Switch Chips: Core Components of Switches, Responsible for Data Forwarding Functions
The internal hardware of a switch includes PCB boards, main chips, auxiliary chips, memory devices, heat sinks, power modules, and interface/port subsystems, among which the main chips include switch chips, PHY chips, and CPUs, while auxiliary chips include other digital chips, power chips, signal chain chips, etc. The signal forwarding of a switch is mainly completed by the main chip: external analog signals enter the switch port via cables, and under the instruction scheduling of the internal CPU, the PHY (Physical Layer) chip converts the analog signals into digital signals and transmits them to the switch chip, which then performs security checks, scheduling, and forwarding of the digital signals, and finally converts the signals back to analog signals via the PHY chip for output through the port. The remaining auxiliary chips and devices mainly support the connections between components, provide the power energy required for signal forwarding, and manage heat dissipation. Ethernet switch chips undertake the core forwarding functions of switches and determine key performance indicators. Switch chips are specifically used for preprocessing and forwarding data packets, connecting to the CPU via dedicated PCIE lines, receiving invocation instructions from the central processor, and completing data forwarding. The main functions of switches are to provide high-performance switching and low-latency switching within subnets, which directly determines the overall switching capacity, port rate, and other important performance indicators of the entire machine.
Technological Evolution: Current Highest Forwarding Rate of Switch Chips Reaches 51.2T
Evolution of Ethernet Technology
The origin of Ethernet switch chips can be traced back to the birth of Ethernet in the 1970s. The ALOHA protocol was designed to achieve “point-to-multipoint” communication between the Hawaiian Islands, essentially being a “radio channel collision domain negotiation mechanism.” On May 22, 1973, the world’s first personal computer local area network, the ALTO ALOHA network, operated, marking the official birth of Ethernet.
In July 1975, the epoch-making Ethernet I protocol was released, which included using clock pulses as signals for data exchange with the main memory. Many related technical terms originated from this protocol, such as Ethernet, Interface cable, etc. In September 1980, the general Ethernet standard ETHE80 was officially released, and the first generation of Ethernet technology DIX 1.0 was developed that year, later modified to DIX 2.0, which is the basis for the IEEE 802.3 standard. The “802.3u 100Mbps Ethernet standard” released in 1995, also known as Fast Ethernet, marked the industry’s entry into the 100M fast Ethernet era. In the 21st century, the application range of Ethernet further expanded, and in 2010, IEEE released the 40G and 100G 802.3ba standards, used for large-scale data centers/supercomputers and data center interconnect/backbone networks; in 2017, IEEE released the 200G and 400G 802.3bs standards; in December 2022, the 800G standard P802.3df and 1.6T standard P802.3dj were released, further increasing bandwidth for cloud data center scenarios. P802.3dj is currently the highest transmission rate Ethernet standard released by IEEE. Currently, Ethernet technology has undergone over 50 years of exploration and development, with network transmission rates continuously increasing, and communication ranges expanding from local area networks to metropolitan area networks and wide area networks.

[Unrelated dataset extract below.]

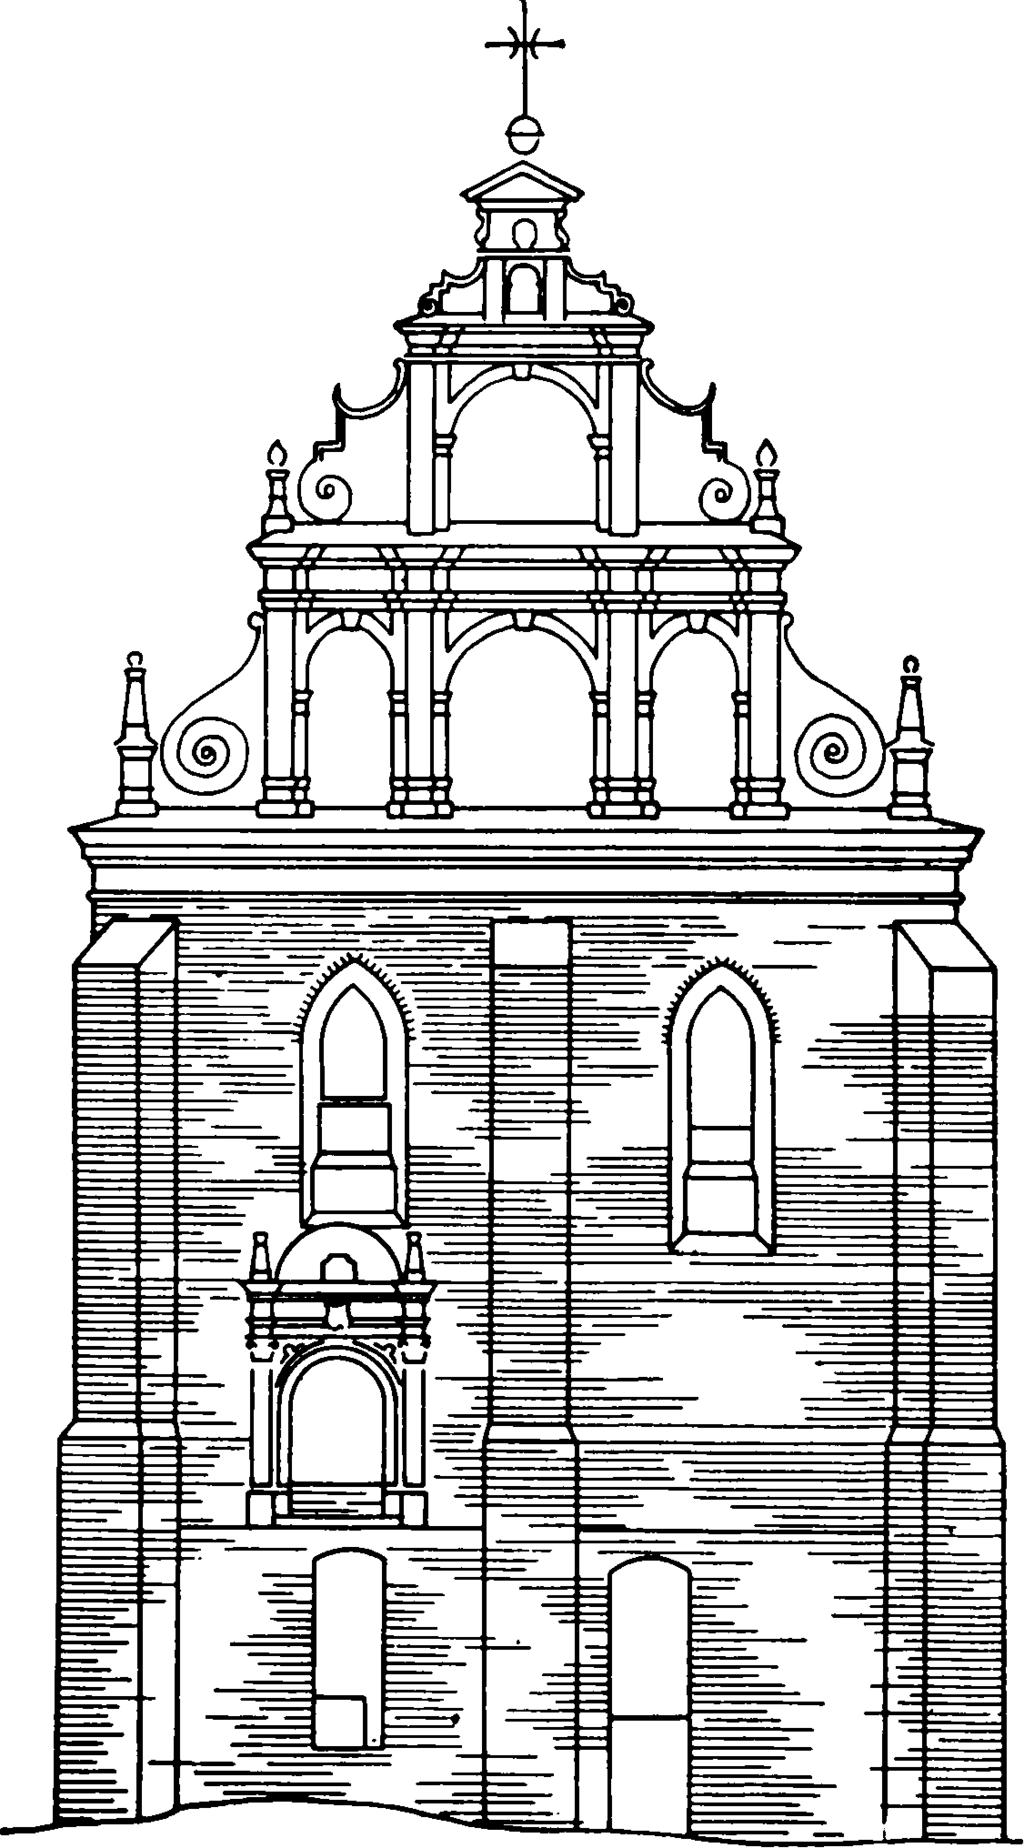 Po zdjęciu zmurszałego daszku drewnianego, pokrytego blachą ocynkowaną, nad grubszą ścianą dolnego prezbiterium ukazał się jakby chodnik ceglany o bardzo nieregularnej powierzchni, szerokości powyżej

Evolution History of Switches
With the development of Ethernet-related technologies, switch product types have also evolved through four generations. Since the first switch was launched in 1989, there has been rapid development and significant improvement in port rates and switching capacities. The predecessor of switches was a physical layer device that could not isolate collision diffusion—hubs, which integrated multiple interfaces and transmission lines. However, at that time, Ethernet standards had not yet been established, making it difficult to improve network performance due to its inherent properties. In 1989, Kalpana Company in the United States invented the world’s first Ethernet switch, the EtherSwitch EPS-700, which provided 7 fixed ports. As a Layer 2 network device capable of isolating collisions, switches greatly improved network performance. Today’s switches have long surpassed the old framework, capable of not only completing Layer 2 forwarding but also Layer 3 forwarding based on IP addresses, and even Layer 4 and higher-layer multi-service switches have emerged.

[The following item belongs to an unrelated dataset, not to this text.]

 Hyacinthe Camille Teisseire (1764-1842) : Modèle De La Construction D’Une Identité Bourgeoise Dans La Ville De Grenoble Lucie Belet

Market participants in switches have been continuously increasing. In 1994, Cisco launched its first switch, the Catalyst 1200, based on the switching technology acquired from Crescendo the previous year. This switch supported 8 10M Ethernet interfaces, along with two module slots for uplink connections, officially marking the beginning of the era of competition among global leading manufacturers in switches. In December 1997, Huawei launched the first domestically produced Ethernet switch, the Quidway S2403; in October 2002, ZTE launched the first 10G Ethernet high-end routing switch in China that complied with the 802.3ae standard; in March 2006, Ruijie Networks globally launched the RG-S8600 and RG-S9600 series designed for 100G platforms. During this period, the industry still utilized large-scale hardware coupling to construct switches for information exchange, with no manufacturer introducing clear and mass-producible switching chips.
In 2010, Broadcom released the industry’s first mass-producible switching chip, and switches quickly took off. In January 2013, Cisco launched the Catalyst 3850 series switch using its self-developed UADP chip, supporting the Cisco ONE programmable network model. The American upstart Arista launched the industry’s first leaf switch with a 100G uplink in 2014. Domestic manufacturers have also developed rapidly, with Huawei and Ruijie Networks continuously launching high-performance switch products. In 2019, Ruijie Networks took the lead in the industry by introducing 100G data center core switches and 25G/100G data center solutions, opening up the data center market. In April 2022, H3C released the industry’s first 400G campus core switch; in June 2023, Huawei launched the 800GE data center core switch Cloud Engine 16800-X series, mainly targeting big data and cloud computing applications; in the same month, H3C globally launched the new generation data center switch S9827 series, with a bandwidth of 51.2T, further assisting in the release of computing power.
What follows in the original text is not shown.